And thrifty. It turns out that in the frequent taking turns of the strikers, yesterday was the go of the Autostrade Toll Collectors, so as I pulled up to the window to hand over my cash and get a receipt, I saw the sign telling me to go on ahead, there was a strike so there was no need to pay. i don't know whether those in the automatic payment line got the same gratis journey, but it worked out well for me!
This morning there was snow nestling on the hedge outside and the mountains looked like they had been dusted with icing sugar.
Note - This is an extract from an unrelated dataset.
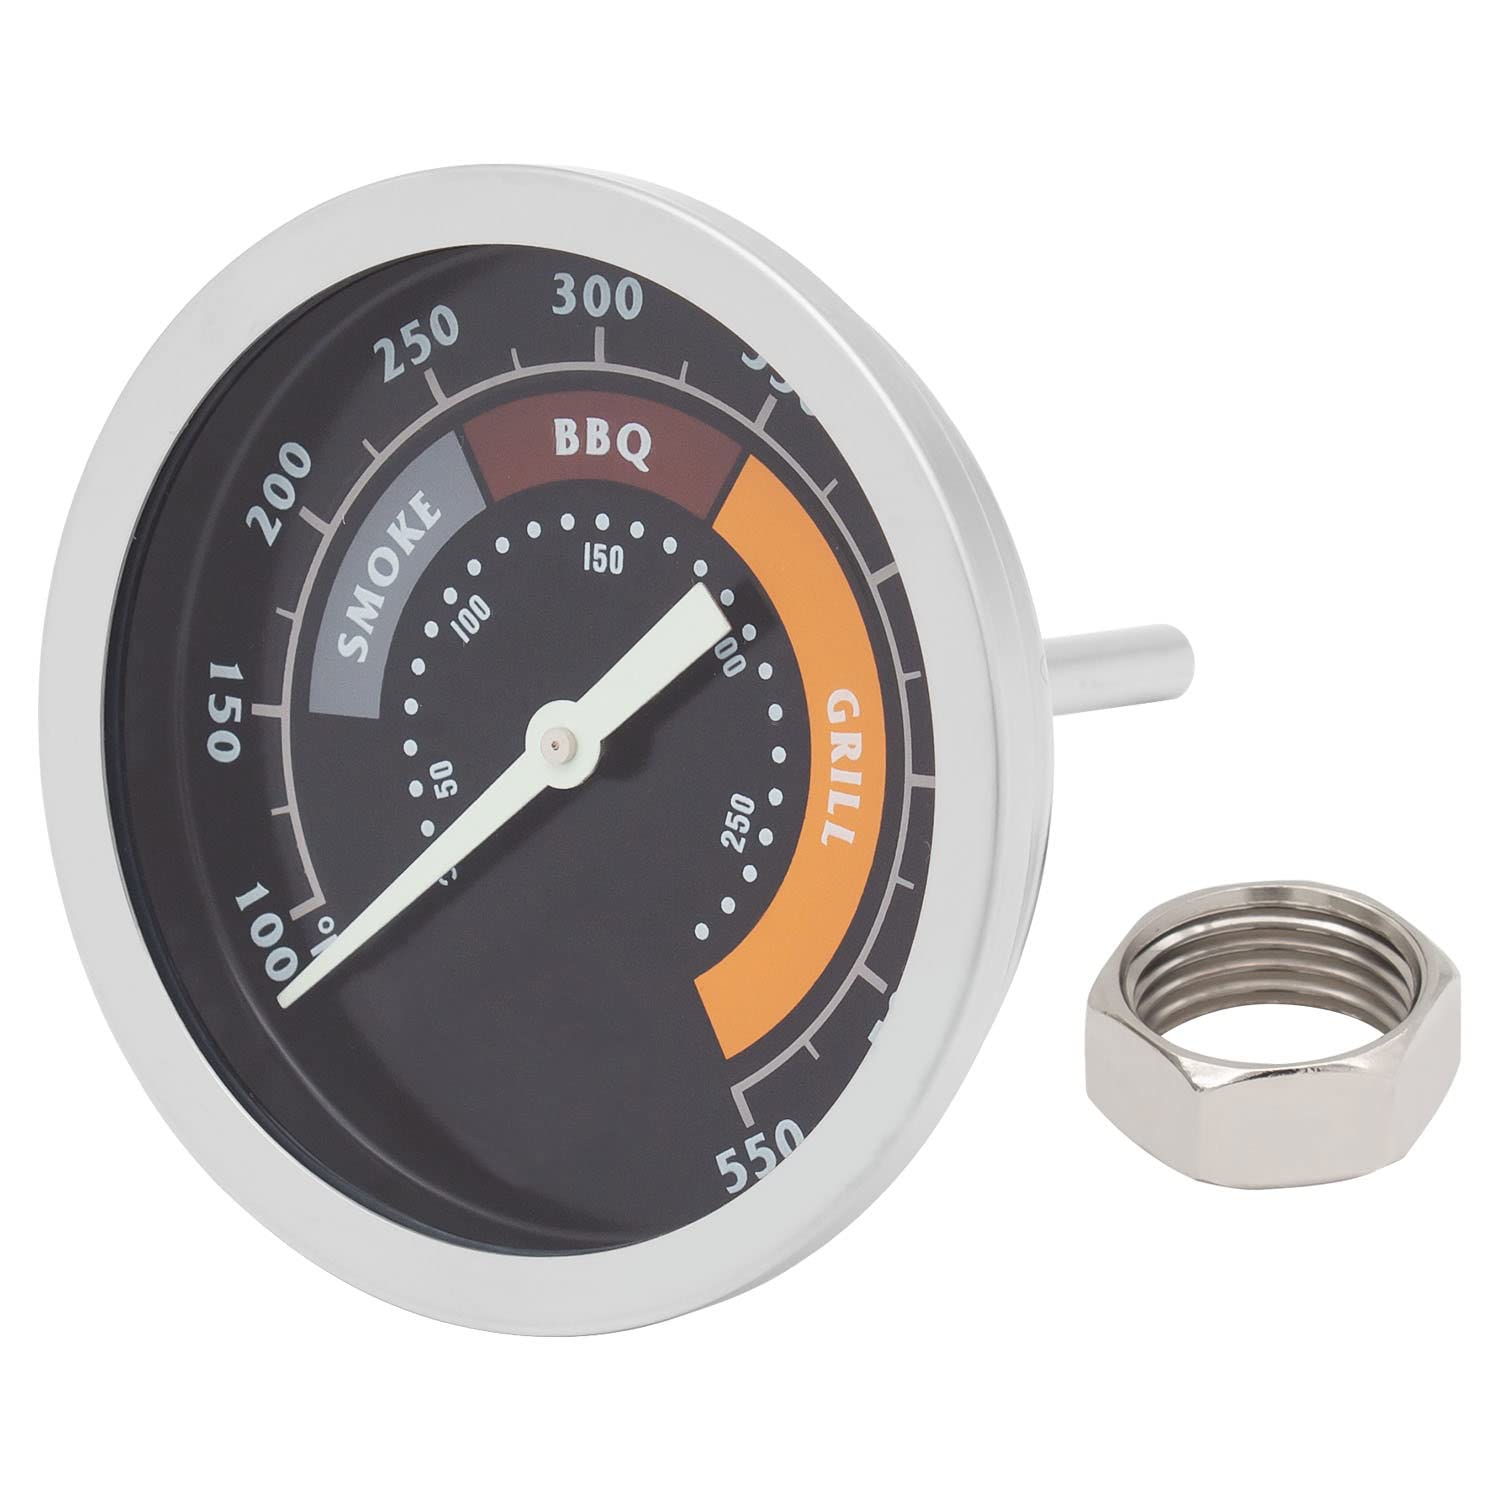 Grill Dome Temperature Gauge Thermometer for Oklahoma Joe's

But as I took this as a sign that it was too cold be out of bed, I snuggled back under the duvet. When I got up, the Kodak moment had more or less passed, but I did take a jaunt out in the car towards Gualdo to take some snaps.
Now with the fire burning brightly, I am trying to muster up the energy to get changed and go out for dinner with Chris and Irene in Amandola. Leaving the fire will be a wrench, but the other good thing about the beast of a car parked outside is that the heating works a treat!

Friday, November 16, 2007

Graffiti typos

There is graffiti everywhere in Italy. If you can look on it as a modern art form rather than a scurge of the cities and towns, so much the better - as its omnipresent.
My sense of direction is not so hot. I have been lost in places that I have been to a thousand times, and now I have learnt that also the graffiti can make a good landmark, as long as the boys with the paint to cover it up have not been on patrol.
I like, for example, the graffiti on the front of the trains - a modern art preclamation as they chug into the station at Campo di Marte in the mornings to carry me to the office at Castello.
Yet one of my favourite spots of graffiti right now is in Castello station itself.
It's not beautiful, certainly not the work of an artisan, but the proclamation of the (sic) "Worriors of Sesto - The Best" has me smiling every morning on the way to work.
I can only imagine what they are worried about!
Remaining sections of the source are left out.